I guess to me if you're going to a comic book tie-in to a show or movie, you should do everything you can to make as much of it as possible match the original source material. Unless of course it's set in a different era or alternate universe where things are meant to look different.
Does this kind of thing bother other people this much, or is it just me?
I'm not necessarily expecting everything to always be photo accurate down to every detail, but these are some pretty massive inaccuracies, and I've found it highly distracting. I know artists are going to take some liberties from time to time, but for me this is just to different for me to be able to ignore it, and it's driving me crazy every time a scene is set in one of these locations. I could see something like this happening 30 or 40 years ago where it was a lot harder to get a hold of reference material, but this was created in 2009, which would have been well into the internet era, where it should have only taken seconds to pull up pictures or clips on sites like Youtube or Memory Alpha.
It also seems strange to me that this would have gone through multiple layers of approval and no one noticed or cared enough to get the artists to fix it.
I have even more of a problem with the DC TNG series that came out while the show was on the air, a lot of the locations on the ship looked absolutely nothing at all like they do on the show.

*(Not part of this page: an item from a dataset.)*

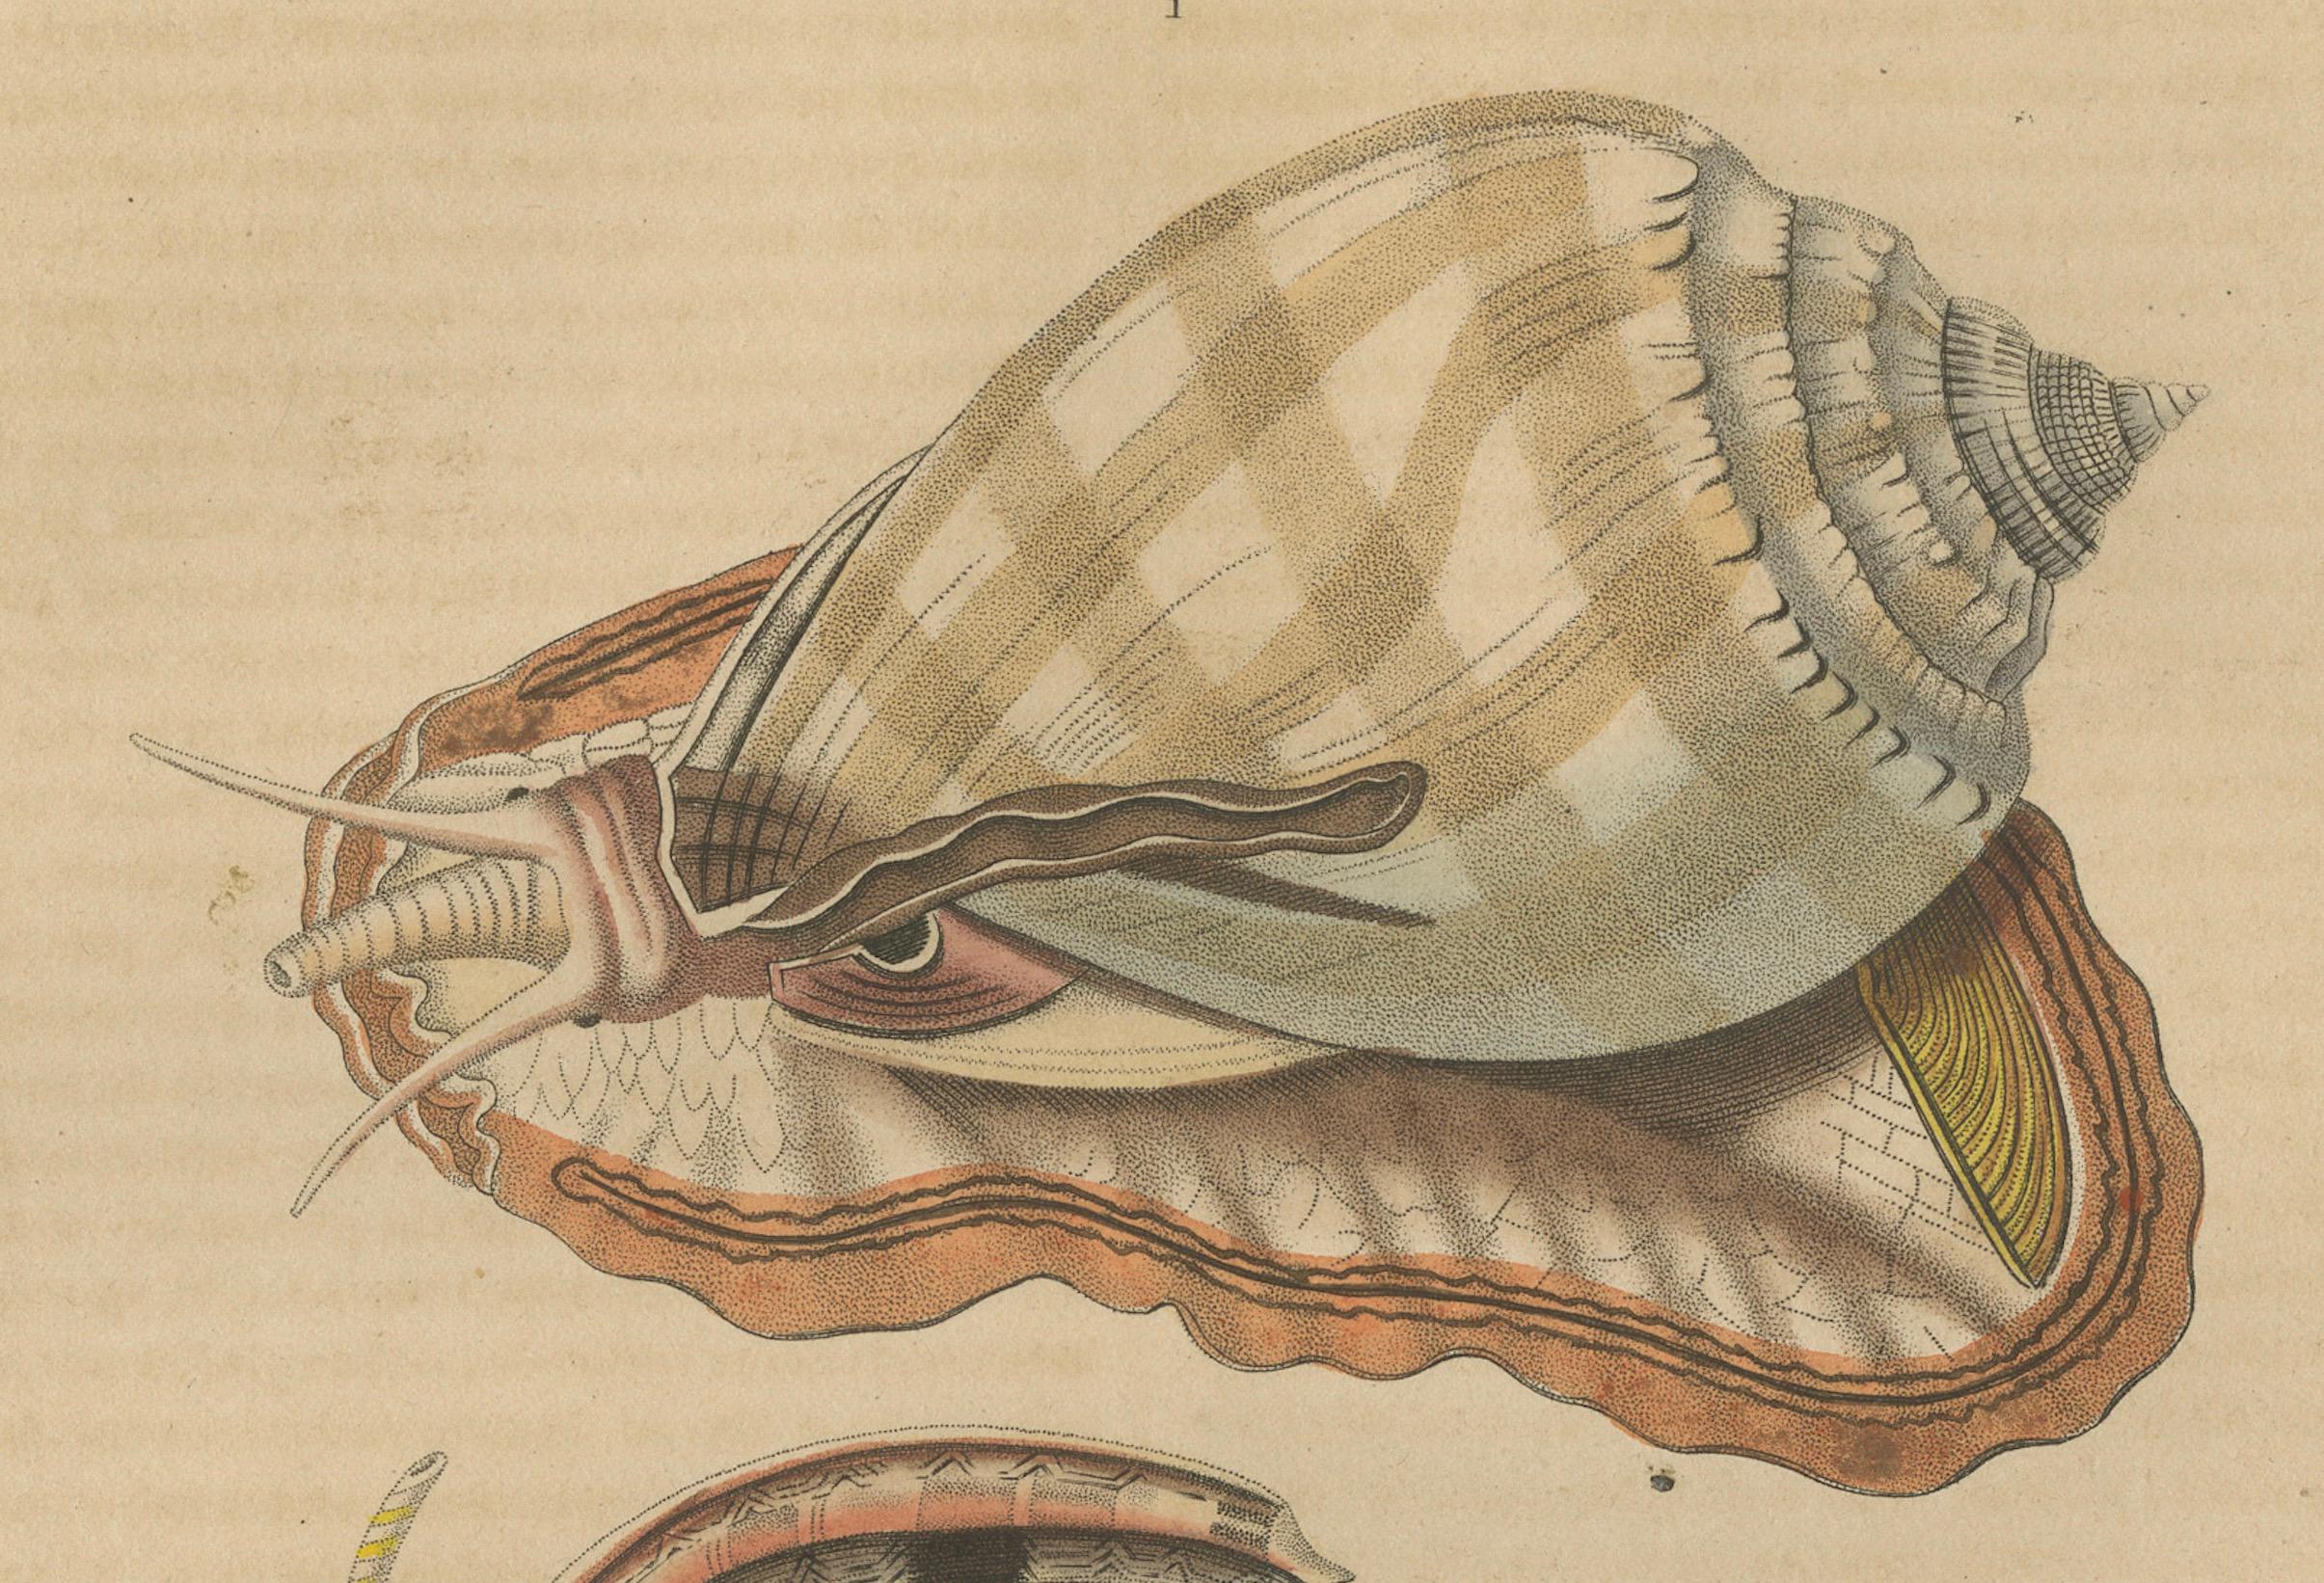 Mid-19th Century pirals of the Sea: Artistic Renderings of 19th Century Gastropods, 1845 For Sale

I can maybe understand this happening in the first few issues if they came out before the episodes were done, but this kept happening for years into the series, well after the show had started airing. I know this was preinternet, but I would think once the show had started airing the artist would have been able to see the episodes and know what the sets look like.

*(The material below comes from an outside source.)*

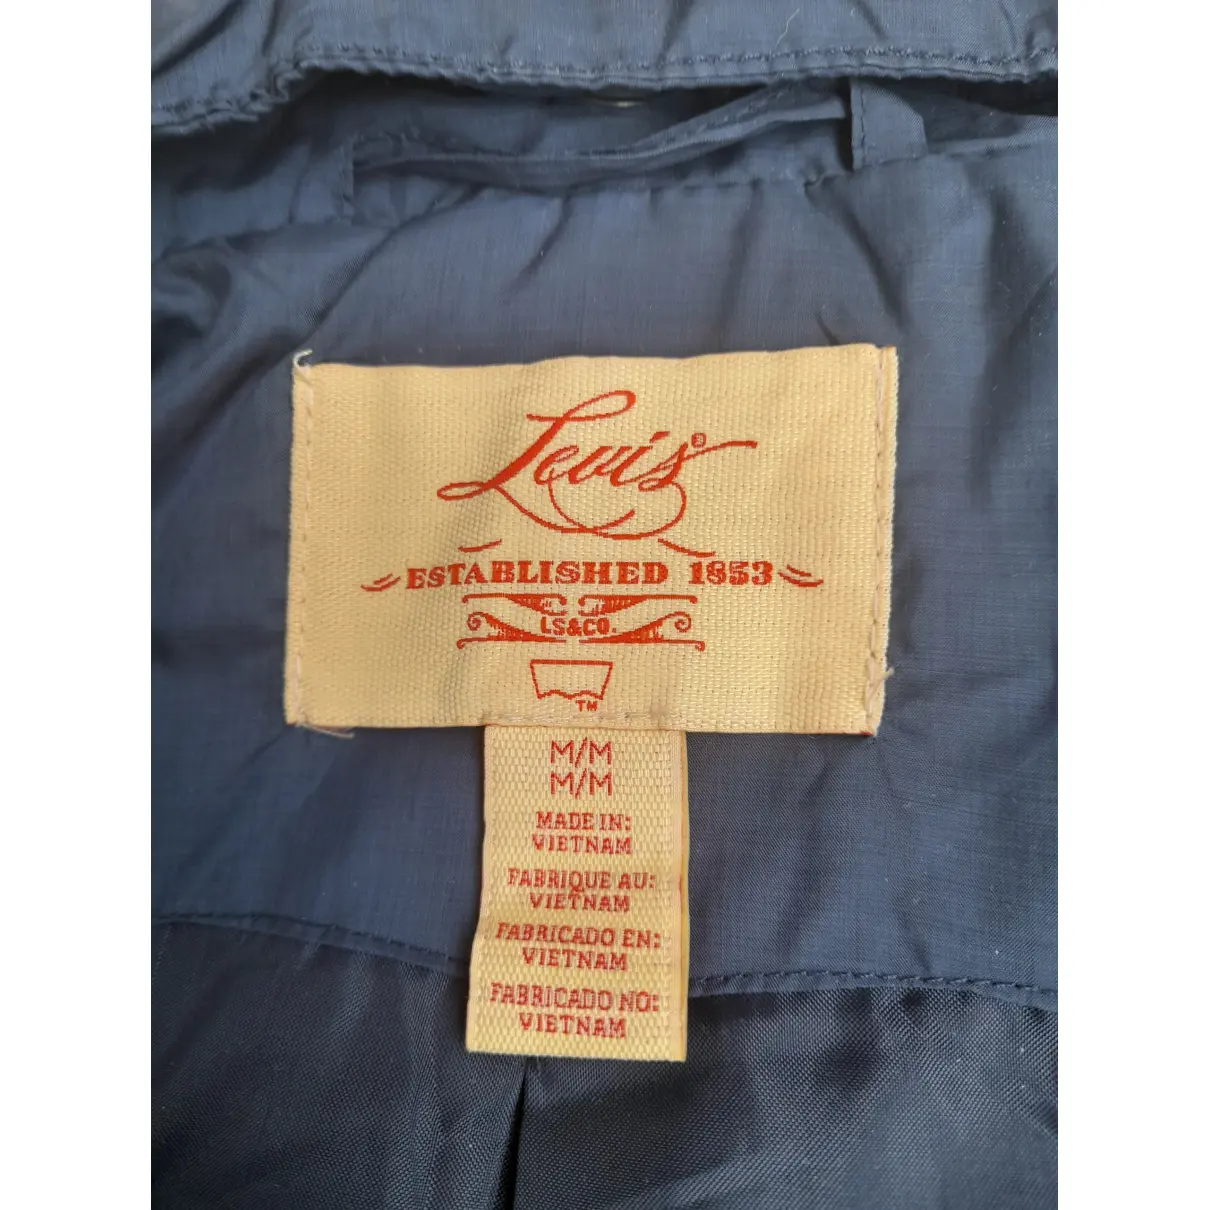 Buy Levi's Vintage Clothing Puffer online

I guess to me if you're going to a comic book tie-in to a show or movie, you should do everything you can to make as much of it as possible match the original source material. Unless of course it's set in a different era or alternate universe where things are meant to look different.
Does this kind of thing bother other people this much, or is it just me?


To be honest, I don't really even remember the art from Ghosts, I just remember that I didn't really enjoy the story that much. The story is usually more important to me than realistic art. (Not that I'm not impressed with realistic art, I am; but it's not going to cause me to enjoy a story I don't like, and in most cases, non-realistic art isn't going to make me dislike a story I enjoy.)